Task objective :: Write out the lines below exactly, beginning at the one with "Wisconsin Pottery Mug" and stopping after the one with "SAINT Mxxxxxx - Distressed"; the pictures are not copied.

Materials provided ::
################

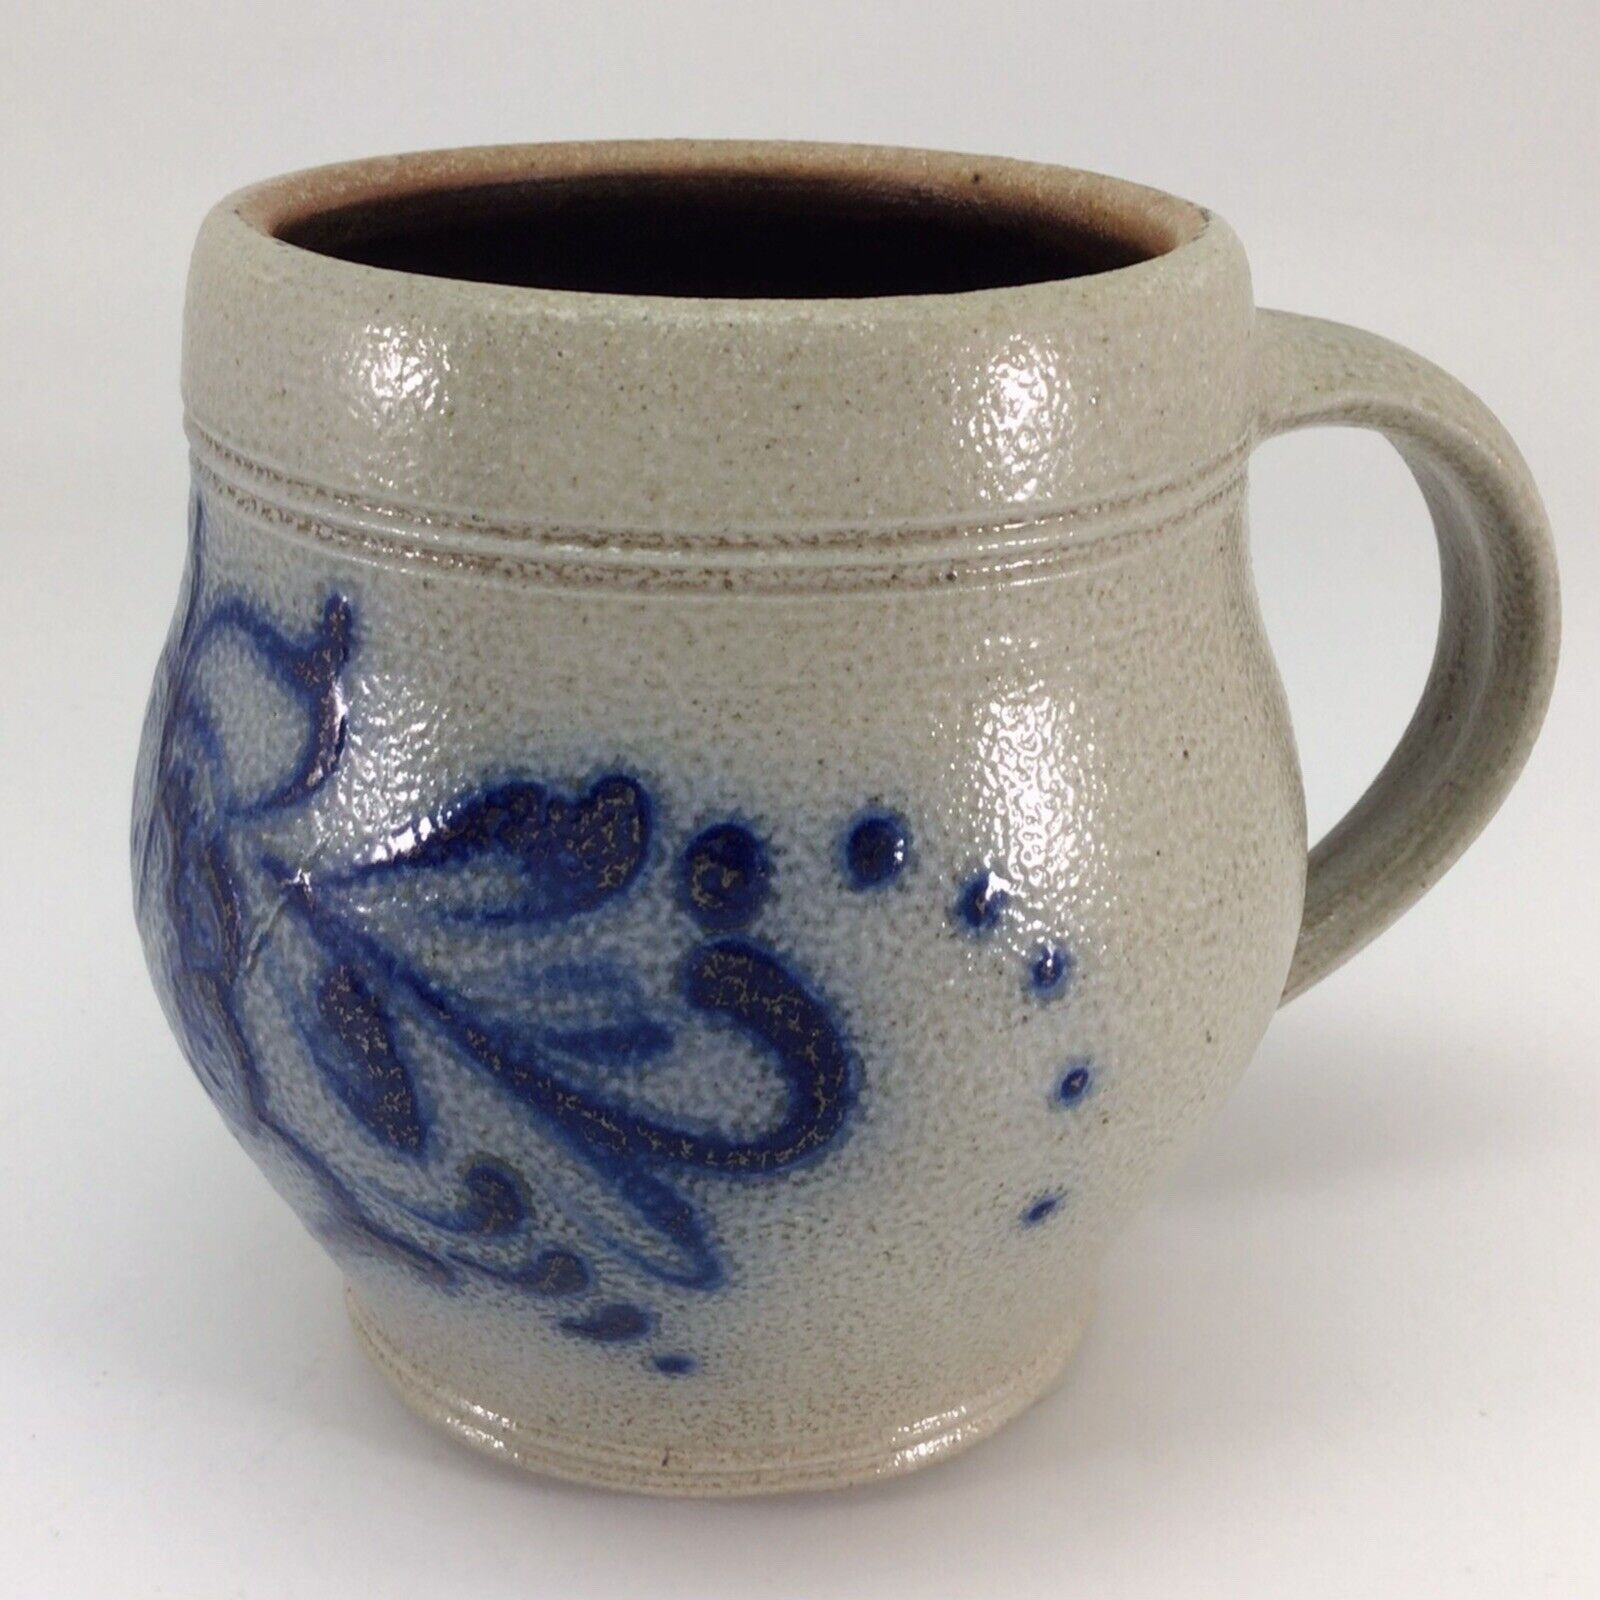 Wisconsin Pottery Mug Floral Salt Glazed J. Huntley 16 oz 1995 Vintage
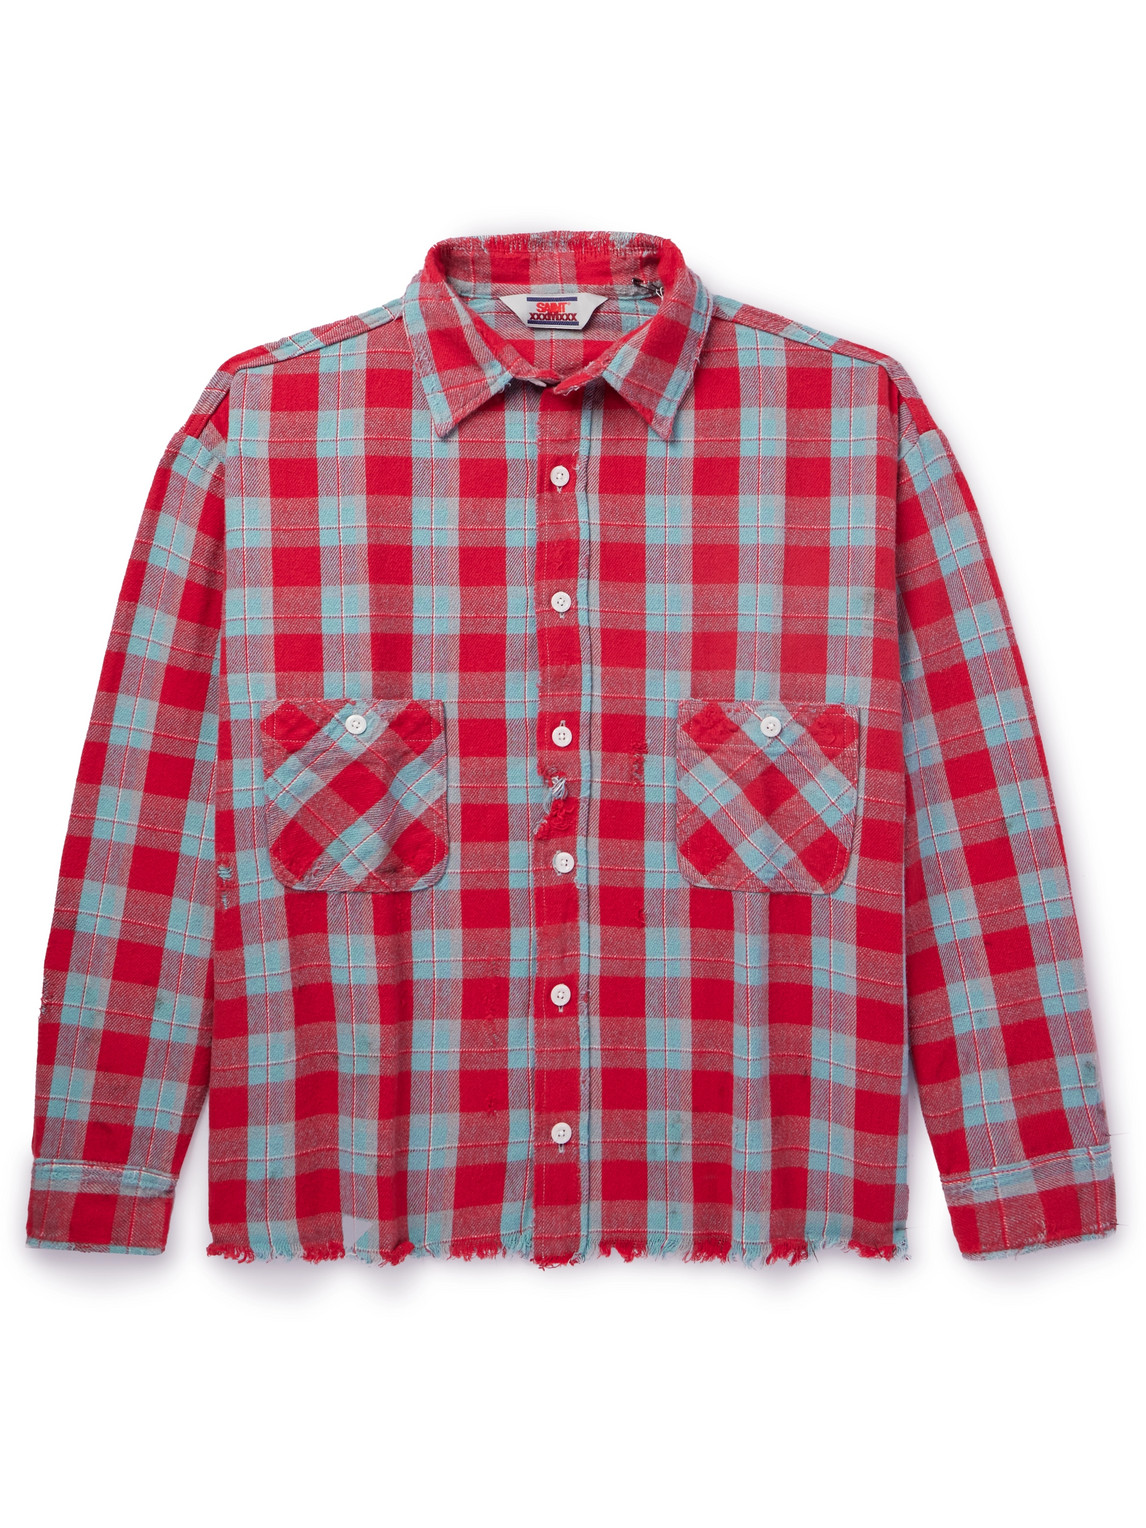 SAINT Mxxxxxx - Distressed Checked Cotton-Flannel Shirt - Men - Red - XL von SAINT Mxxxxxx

################

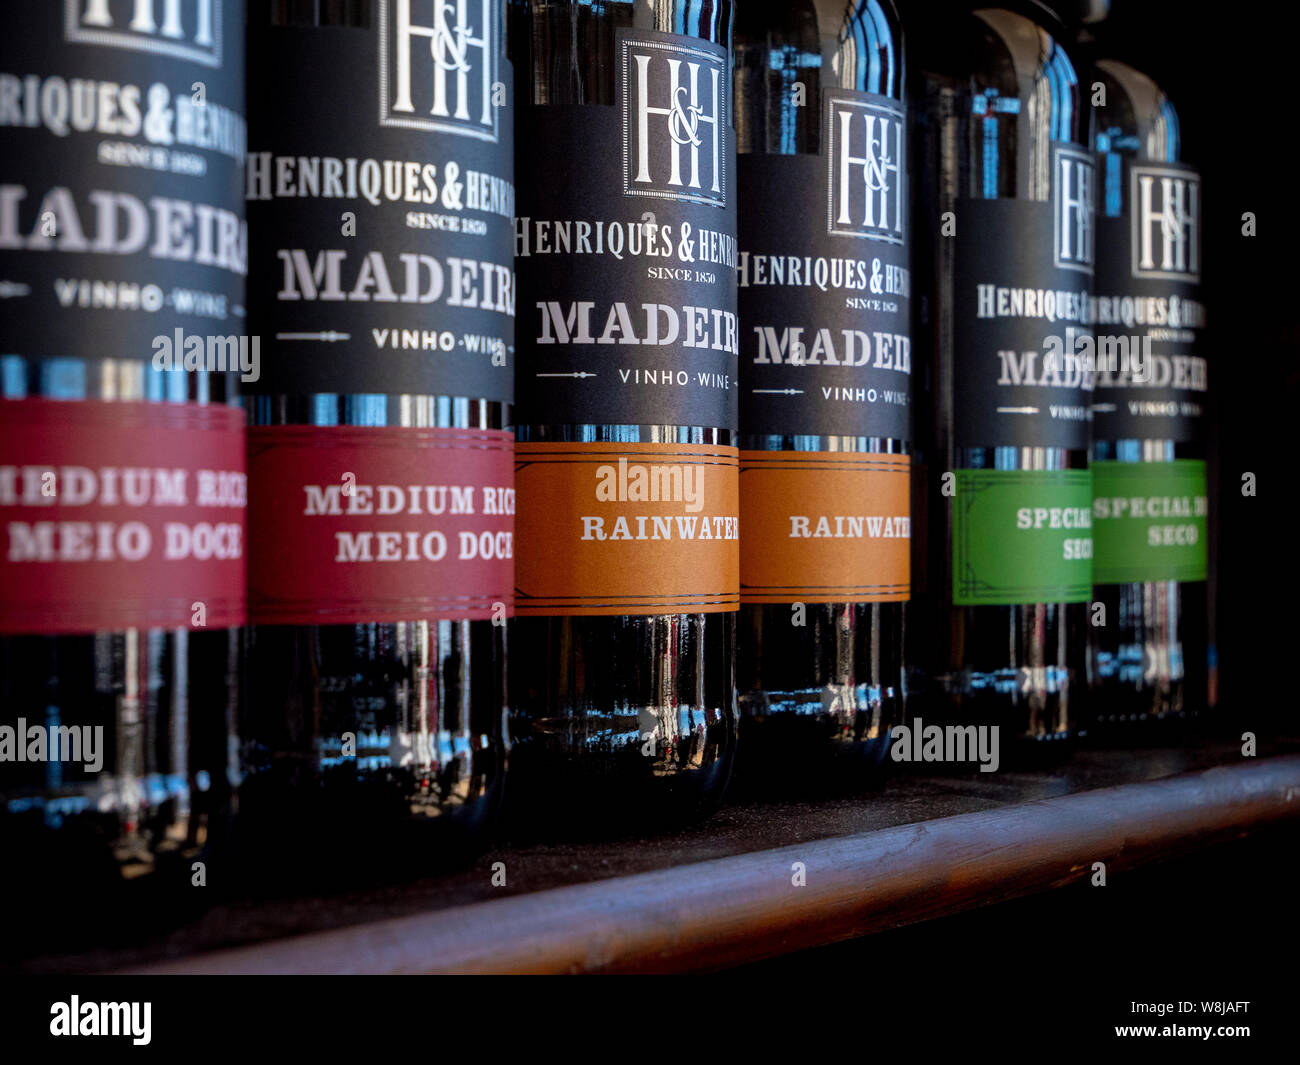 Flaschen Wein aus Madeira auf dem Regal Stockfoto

################

The answer ::
 Wisconsin Pottery Mug Floral Salt Glazed J. Huntley 16 oz 1995 Vintage
 SAINT Mxxxxxx - Distressed Checked Cotton-Flannel Shirt - Men - Red - XL von SAINT Mxxxxxx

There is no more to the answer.